Hi, I'm Mike Chapple and this is the audio review of the exam essentials for chapter 15 of the official CISSP study guide. Here are the top things you need to know for the exam from this chapter on security assessment and testing.
Understand the importance of security assessment and testing programs. Security assessment and testing programs provide an important mechanism for validating the ongoing effectiveness of security controls. They include a variety of tools such as vulnerability assessments, penetration tests, software testing, audits and security management tasks designed to validate controls. Every organization should have a security assessment and testing program defined and operational.
Conduct vulnerability assessments and penetration tests. Vulnerability assessments use automated tools to search for known vulnerabilities in systems, applications and networks. These flaws may include missing patches, misconfigurations or faulty code that exposes the organization to security risks. Penetration tests also use these same tools, but supplement them with attack techniques where an assessor attempts to exploit vulnerabilities and gain access to the system. Vulnerability management programs take the results of these tests as inputs and then implement a risk management process for identified vulnerabilities.
Perform software testing to validate code moving into production. Software testing techniques verify that code functions as designed and does not contain security flaws. Code review uses a peer review process to formally or informally validate code before deploying it in production. Interface testing assesses the interactions between components and users with API testing, user interface testing and physical interface testing.
Understand the difference between static and dynamic software testing. Static software testing techniques such as code reviews evaluate the security of software without running it by analyzing either the source code or the compiled application. Dynamic testing evaluates the security of software in a runtime environment and is often the only option for organizations deploying applications written by someone else.
Explain the concept of fuzzing. Fuzzing uses modified inputs to test software performance under unexpected circumstances. Mutation fuzzing modifies known inputs to generate synthetic inputs that may trigger unexpected behavior. Generational fuzzing develops inputs based on models of expected inputs to perform the same task, performs security management tests to provide oversight to the information security program.
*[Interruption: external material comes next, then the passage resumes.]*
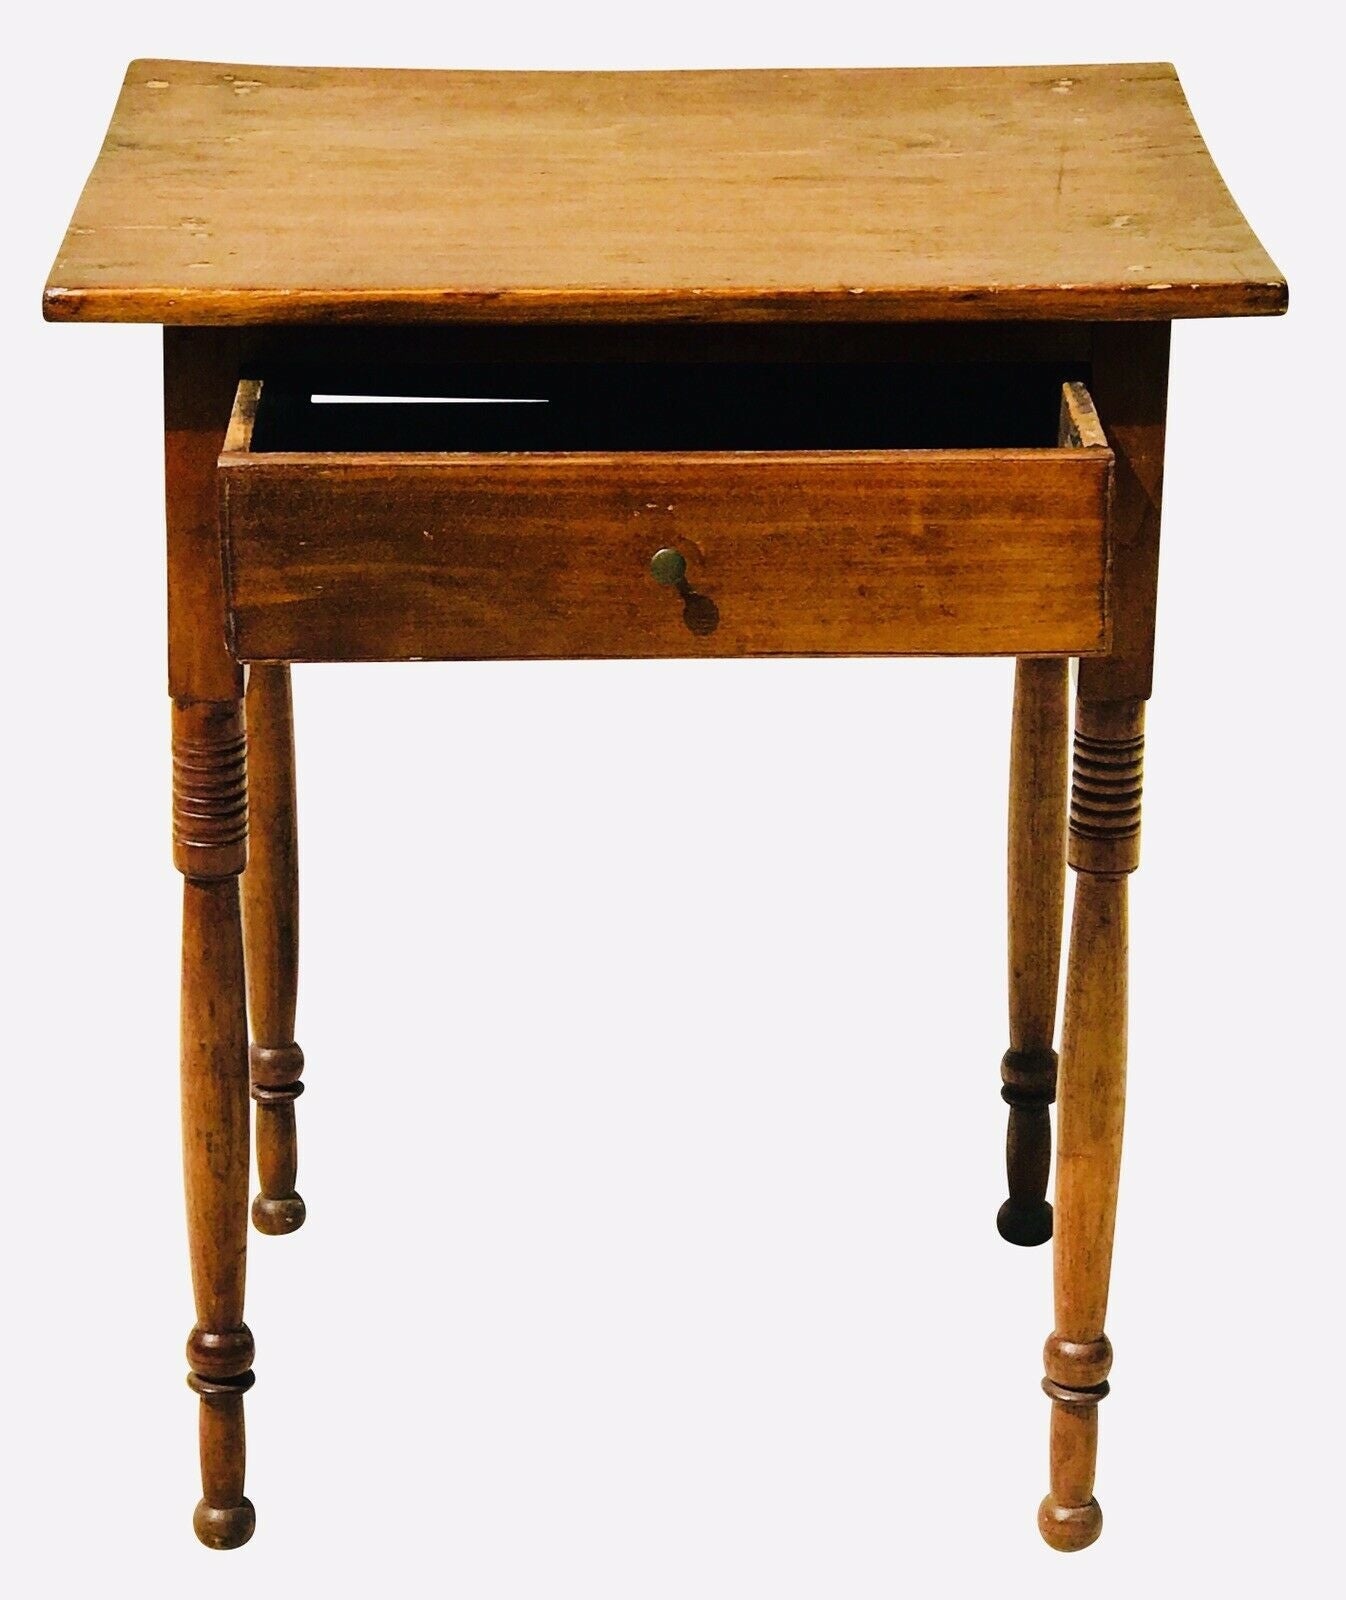 19TH C ANTIQUE SHERATON PERIOD COUNTRY PINE WORK TABLE / NIGHT STAND
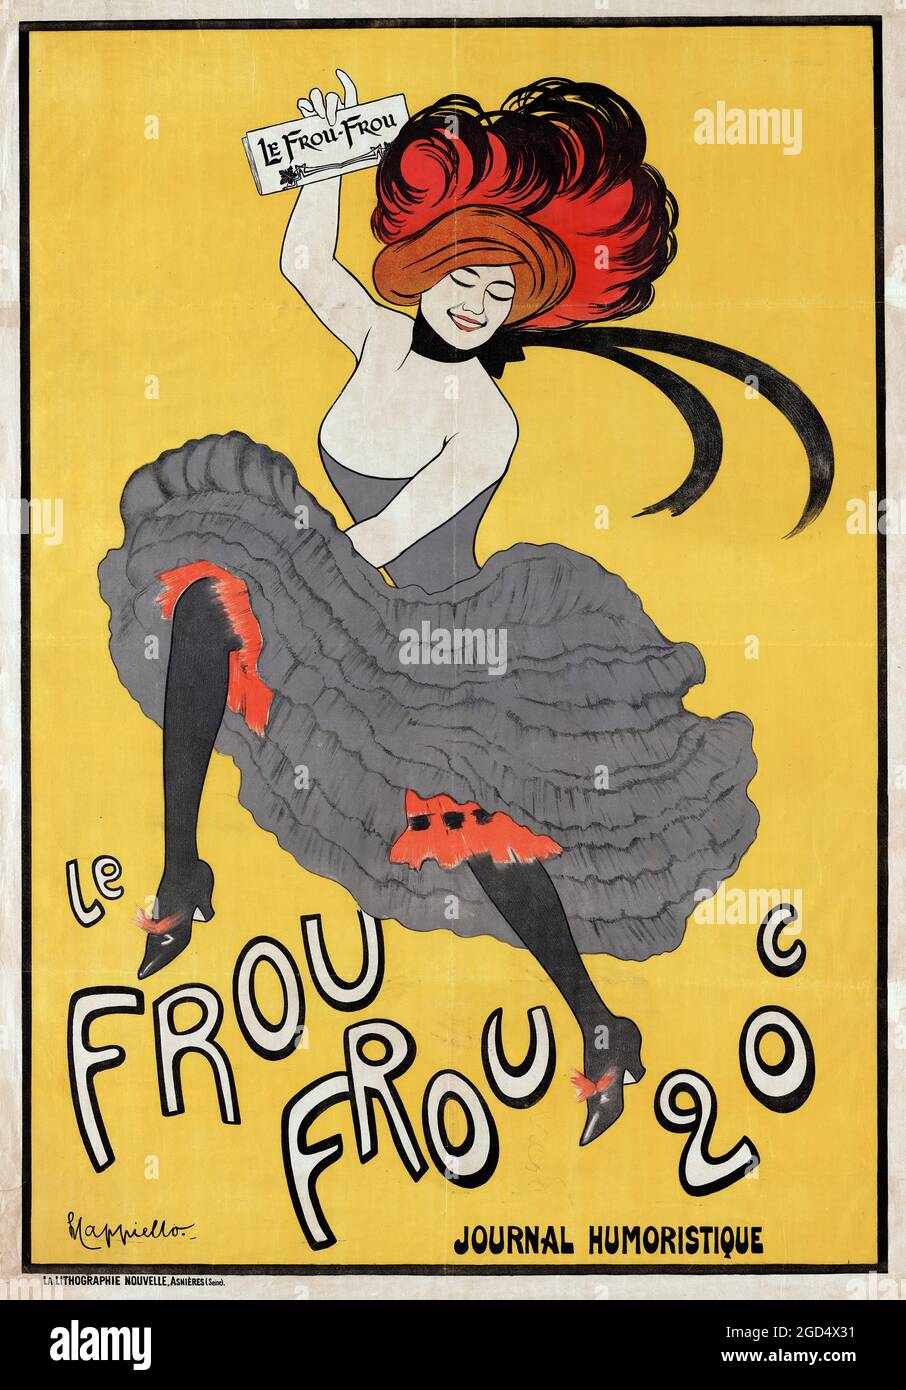 French Poster – Artwork by Leonetto Cappiello. Le Frou Frou 20', journal humoristique. Can-can dancer. 1899. Belle époque poster. Stock Photo

Security managers must perform a variety of activities to retain proper oversight of the information security program. Log reviews, particularly for administrator activities ensure that systems are not misused.
Account management reviews ensure that only authorized users retain access to information systems. Backup verification ensures that the organization's data protection process is functioning properly. Management should also monitor other security functions such as disaster recovery, business continuity and awareness and training programs.
Key performance and risk indicators provide a high level of view of security program effectiveness. Conductor facilitate internal, external and third-party audits. Security audits occur when a third party performs an assessment of the security controls protecting an organization's information assets. Internal audits are performed by an organization's internal staff and are intended for management use.
External audits are performed by a third-party audit firm and are generally intended for the organization's governing body. Collect logs and security process data. Many components of the information security program generate data that is crucial to security assessment processes. These components include the account management process, management review and approval, key performance and risk indicators, backup verification data, training and awareness metrics and the data generated by disaster recovery and business continuity programs.
Know how to use cybersecurity exercises to ensure that teams are prepared for security incidents. Exercises are designed to test the skills of security professionals. Blue teams are responsible for managing the organization's defenses. Offensive hacking is used by red teams as they attempt to gain access to systems on the target network. White teams serve as the neutral moderators of the exercise. Purple teaming is conducted after an exercise to bring together the red and blue teams for knowledge sharing. Those are the study essentials that you need to know for chapter 15, security assessment and testing.